# Permutation And Combination Problems

## Permutation And Combination Problems

When the order doesn't matter, it is a **Combination**. When the order does matter it is a **Permutation**. In other words A Permutation is an ordered Combination.

**Combination**When the order doesn't matter, it is a Combination. A Permutation is an ordered Combination.**Permutation**When the order does matter it is a Permutation. To help you to remember, think "Permutation ... Position"

The Different arrangements which can be made by taking some or all of the given things or objects at a time is called Permutation.

Each of the different selections or groups which is made by taking some or all of a number of things or objects at a time is called combination .

### Types of Permutation

There are basically two types of permutation:

**Repetition is Allowed:**such as the lock above. It could be "333".**No Repetition:**for example the first three people in a running race. You can't be first and second.

### Permutations with Repetition

These are the easiest to calculate. When a thing has n different types ... we have n choices each time! For example: choosing 3 of those things, the permutations are: n * n * n (n multiplied 3 times)

More generally: choosing r of something that has n different types, the permutations are: n × n × ... (r times)

(In other words, there are n possibilities for the first choice, THEN there are n possibilities for the second choice, and so on, multiplying each time.)

Which is easier to write down using an exponent of r: n × n × ... (r times) = n ^{r}

**Example: **Iin the lock above, there are 10 numbers to choose from (0,1,2,3,4,5,6,7,8,9) and we choose 3 of them: 10 × 10 × ... (3 times) = 103 = 1,000 permutations

## So, the formula is simply:

n^{r}where n is the number of things to choose from, and we choose r of them, repetition is allowed, and order matters.

**Question 1: **In how many different ways can the letters of the word 'OPTICAL' be arranged so that the vowels always come together?

**(A)**920**(B)**825**(C)**720**(D)**610

**Answer: **(C) 720

## Solution

The word 'OPTICAL' has 7 letters. It has the vowels 'O','I','A' in it and these 3 vowels should always come together. Hence these three vowels can be grouped and considered as a single letter. That is, PTCL(OIA). Hence we can assume total letters as 5 and all these letters are different. Number of ways to arrange these letters = 5! = 5 * * 3 * 2 * 1 = 120 All the 3 vowels (OIA) are different Number of ways to arrange these vowels among themselves = 3! = 3* 2 * 1 = 6 Hence, required number of ways = 120 * 6 = 720

**Question 2: **In how many different ways can the letters of the word 'CORPORATION' be arranged so that the vowels always come together?

**(A)**810**(B)**1440**(C)**2880**(D)**50400

**Answer: **(D) 50400

## Solution

In the word 'CORPORATION', we treat the vowels OOAIO as one letter. Thus, we have CRPRTN (OOAIO). This has 7 (6 + 1) letters of which R occurs 2 times and the rest are different. Number of ways arranging these letters = 7!/2! = 2520 Now, 5 vowels in which O occurs 3 times and the rest are different, can be arranged in 5!/3! = 20 ways Required number of ways = (2520 x 20) = 50400.

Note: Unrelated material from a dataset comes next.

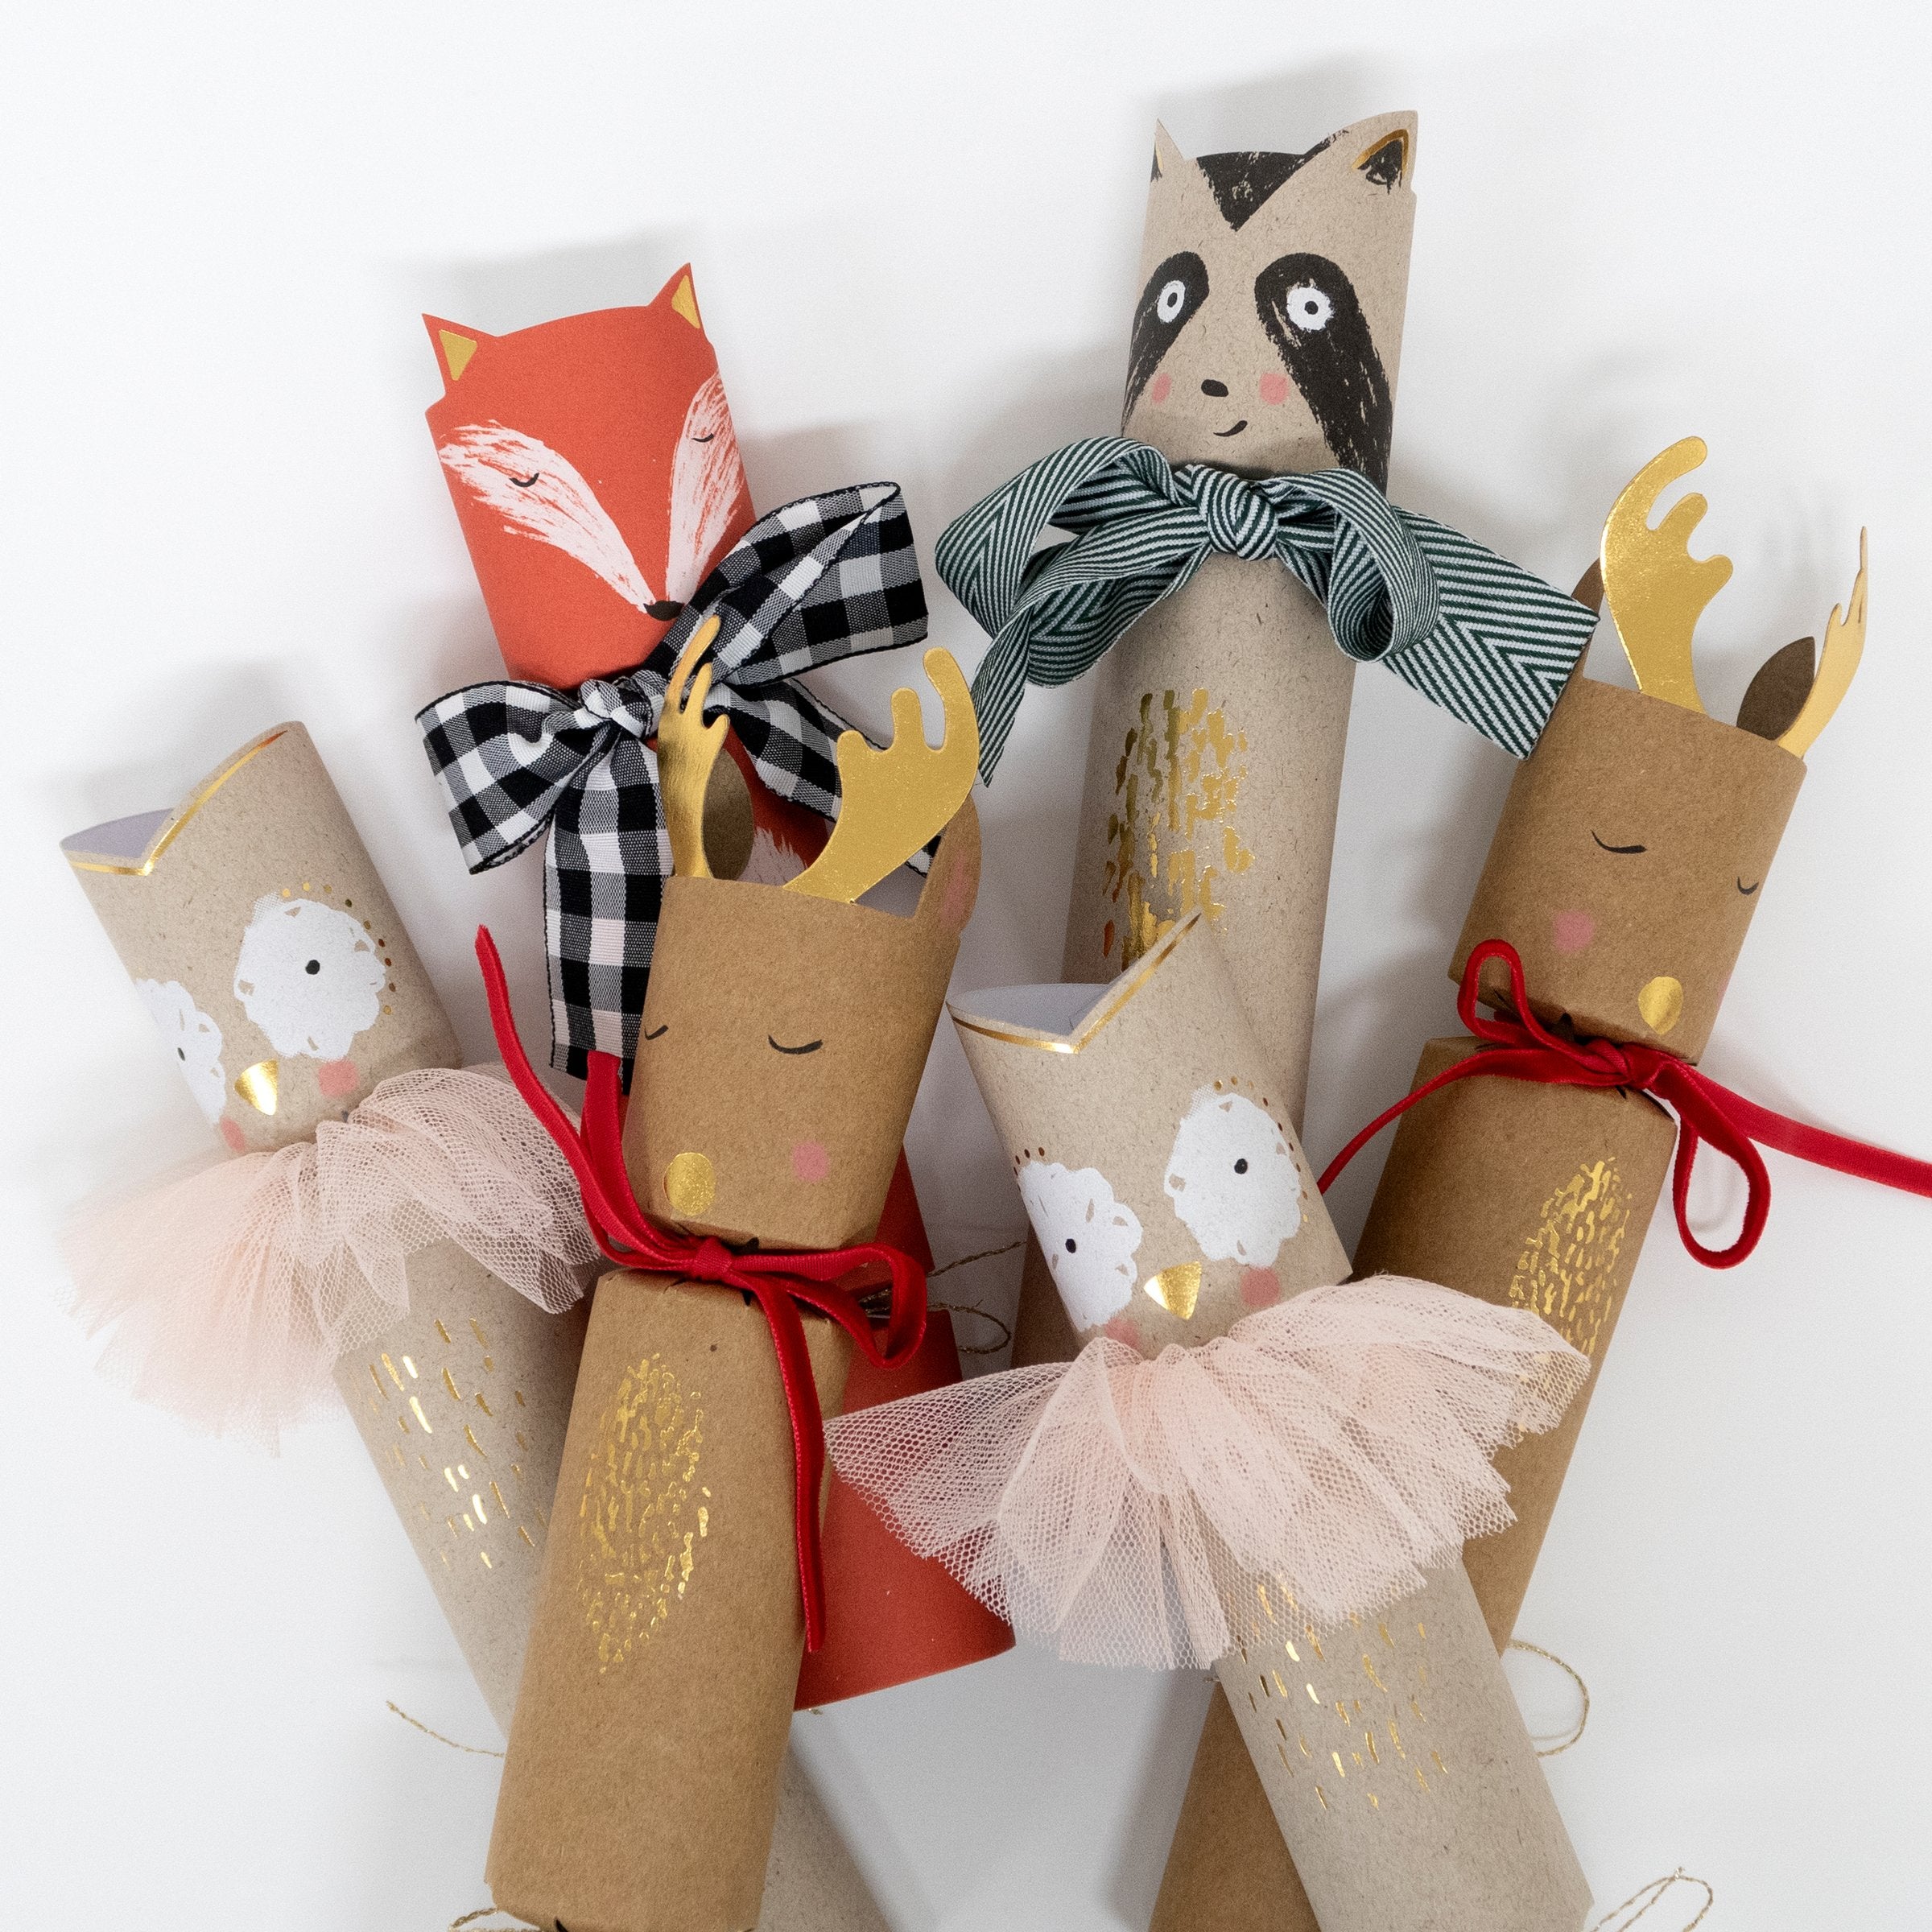 Our woodland animal crackers, with wooden animal gifts, a joke, and a party hat inside ,are really special.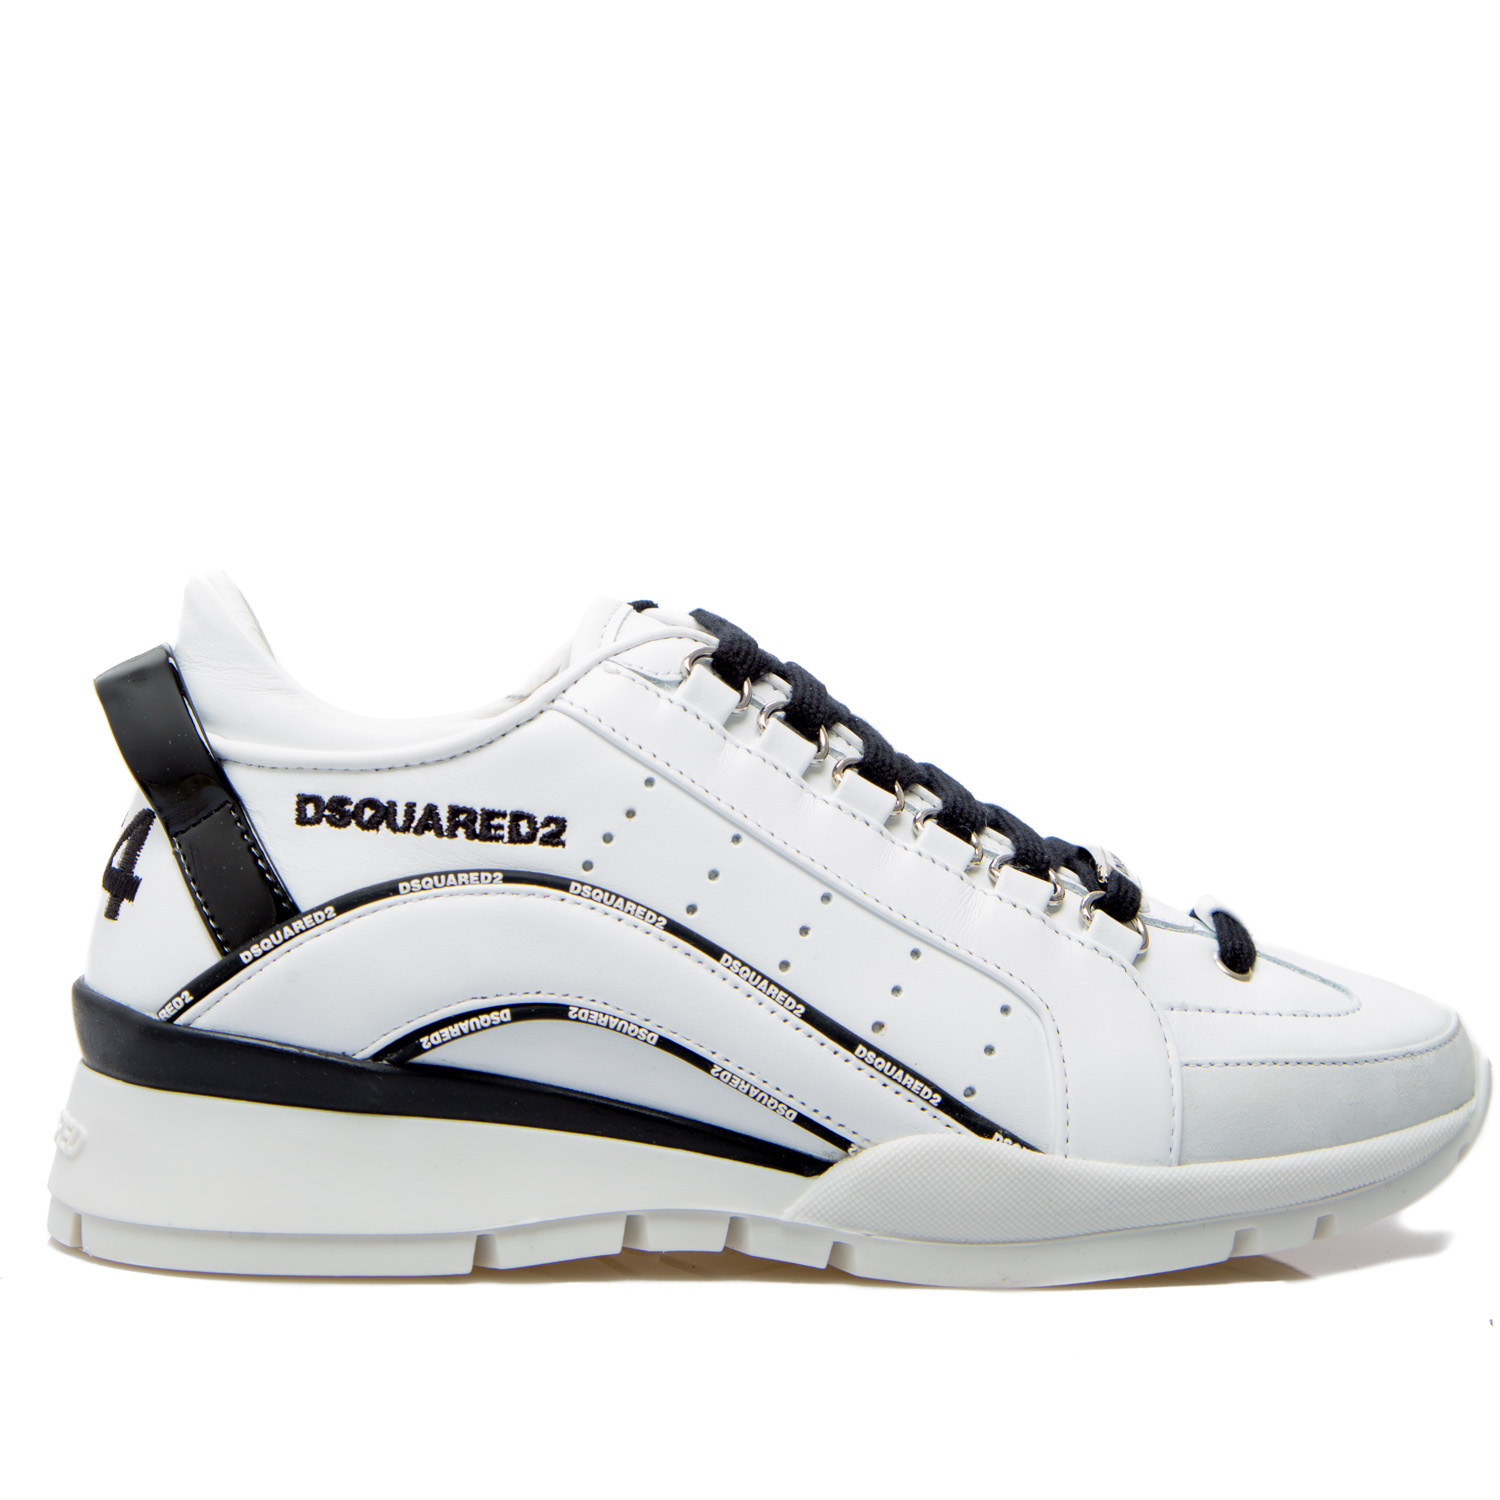 dsquared sneakers danes

**Question 3: **In how many ways can the letters of the word 'LEADER' be arranged?

**(A)**72**(B)**144**(C)**360**(D)**720

**Answer: **(C) 360

## Solution

The word 'LEADER' contains 6 letters, namely 1L, 2E, 1A, 1D and 1R. Required number of ways = 6!/(1!)(2!)(1!)(1!)(1!) = 360

**Question 1: **In how many different ways can the letters of the word 'DETAIL' be arranged in such a way that the vowels occupy only the odd positions?

**(A)**32**(B)**48**(C)**36**(D)**60

**Answer: **(C) 36

## Solution

There are 6 letters in the given word, out of which there are 3 vowels and 3 consonants. Let us mark these positions as under: (1) (2) (3) (4) (5) (6) Now, 3 vowels can be placed at any of the three places out 4, marked 1, 3, 5 Number of ways of arranging the vowels =^{3}P_{3}= 3! = 6 Also, the 3 consonants can be arranged at the remaining 3 positions. Number of ways of these arrangements =^{3}P_{3}= 3! = 6 Total number of ways = (6 x 6) = 36.